2.3. Sequence Assembly and Annotation of Mitochondrial Genome

Raw sequencing data of at least 6 GB were used for subsequent analyses. All raw reads were trimmed using Fastqc (version 0.11.2) [10]. SPAdes software (version 3.15) [11], was used to assemble the raw sequence reads into contigs. The complete mitochondrial genome was obtained by aligning the contigs against a reference mitochondrial genome, serving as the seed sequence for the software MITObim (version 1.9.1) with 30 iterations. An in-house genome annotation pipeline, utilizing NCBI-BLAST, was applied to annotate the protein-coding genes, tRNA, and rRNA genes. Subsequently, circular gene maps of Capulus danieli were generated using Circos software.

2.4. Sequence Analyses of Mitogenomes

The nucleotide composition of the entire mitogenome, protein-coding genes (PCGs), rRNA and tRNA genes, and A-T content were analysed using MEGA 7.0 [12]. Additionally, codon usage and relative synonymous codon usage (RSCU) of the PCGs were investigated.
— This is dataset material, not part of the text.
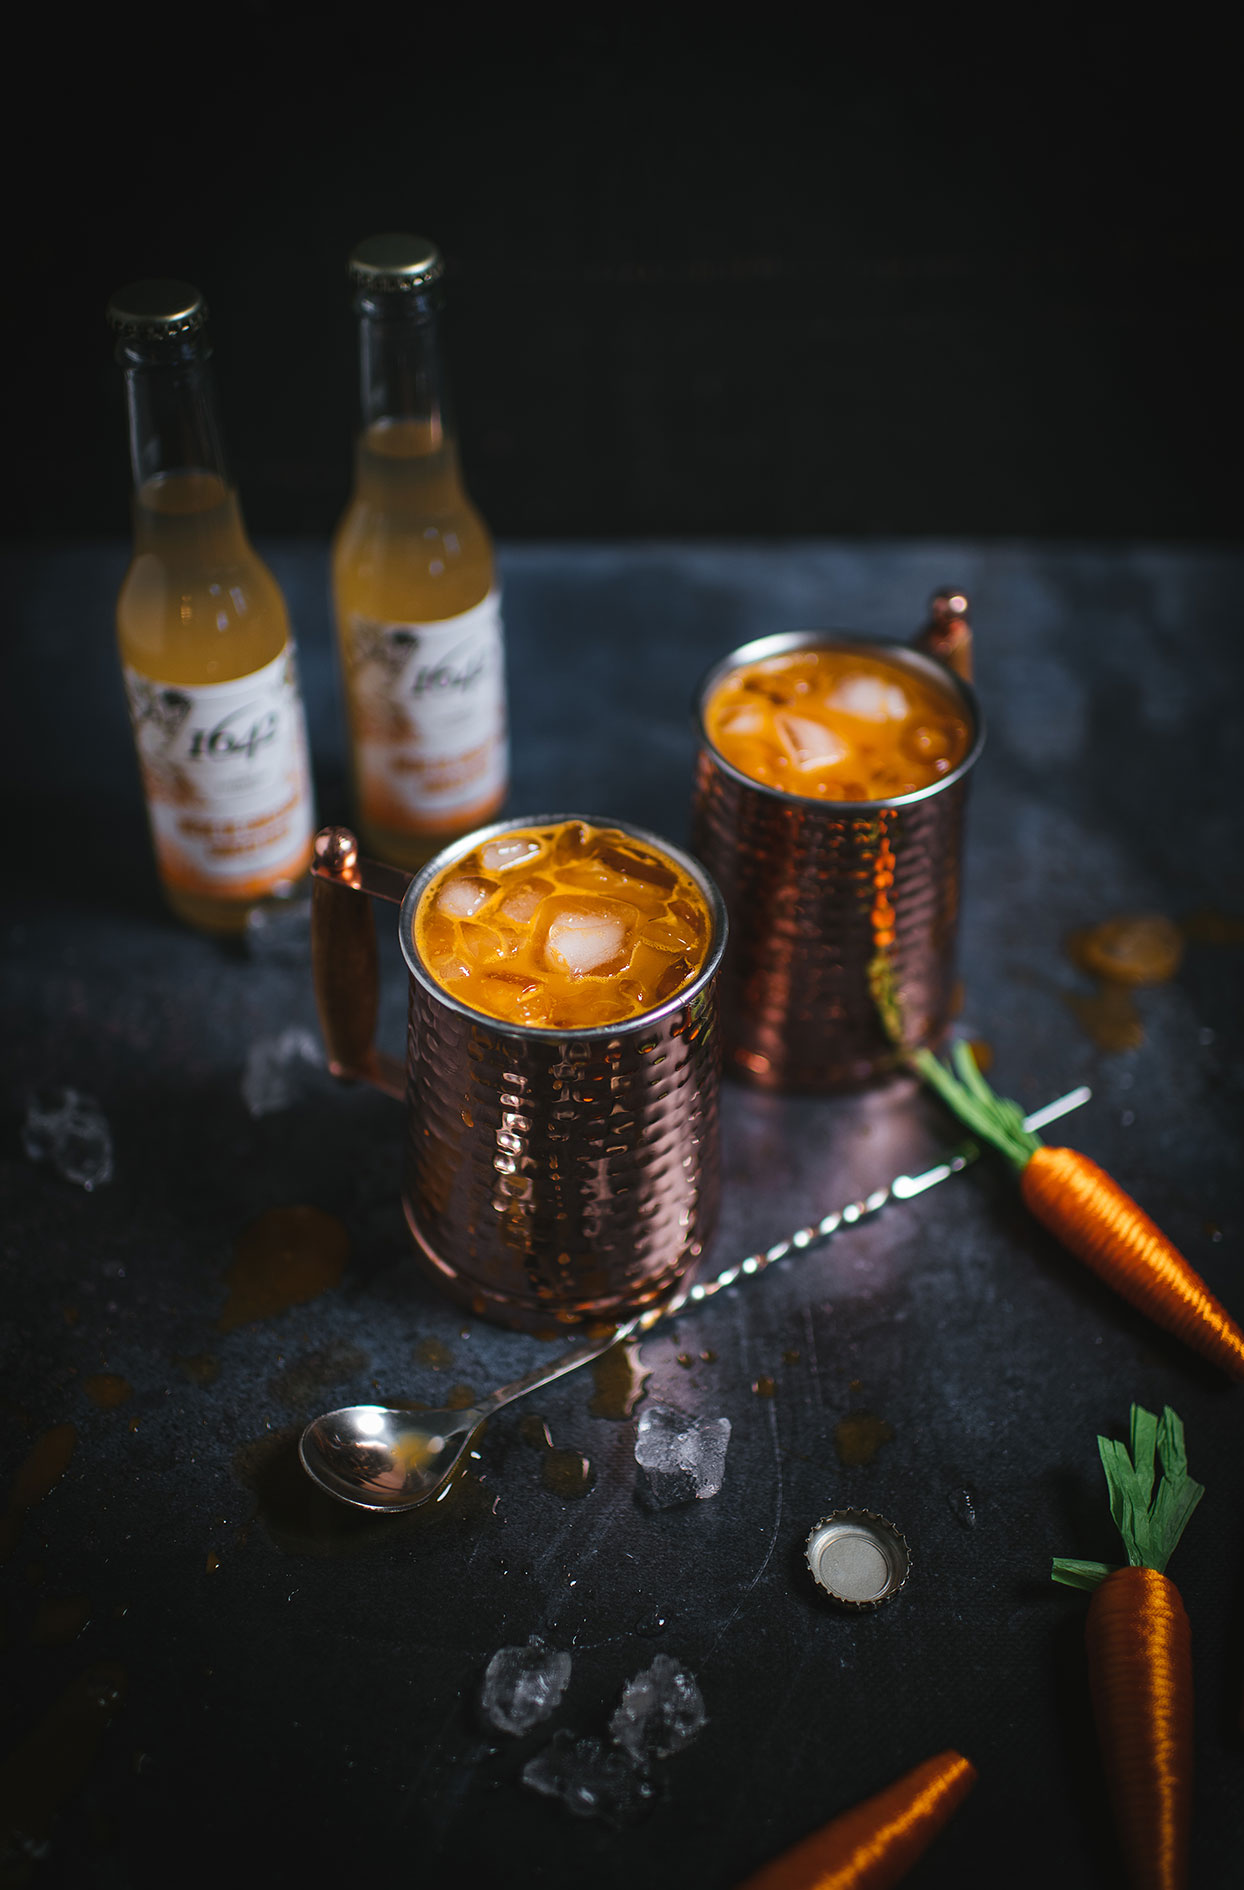 Carrot Moscow mule

Base skew values were calculated using the formulas A-T skew = (A − T)/(A + T) and G-C skew = (G − C)/(G + C) [13,14]. Furthermore, DnaSP 6.0 [15,16], was selected to analyse the non-synonymous (Ka) and synonymous (Ks) substitution rates of mitogenomes in Capulus danieli to explore their evolutionary adaptation.

2.5. Systematic Analysis

We selected 25 species to construct a phylogenetic tree based on their complete mitochondrial genomes. The sequences of 23 species belonging to Haliotidae, Neritidae, Patellidae, Nacellidae, Calyptraeidae, Muricidae, Ficidae, Naticidae, Strombidae, Struthiolariids, and Xenophoridae in the Gastropoda class were obtained from the NCBI database (Table 1). Some species were selected based on their similarity in shell morphology to C. danieli [17]. Others were selected based on their close phylogenetic relationship with C. danieli as determined by the alignment of their mitochondrial genomes available at NCBI.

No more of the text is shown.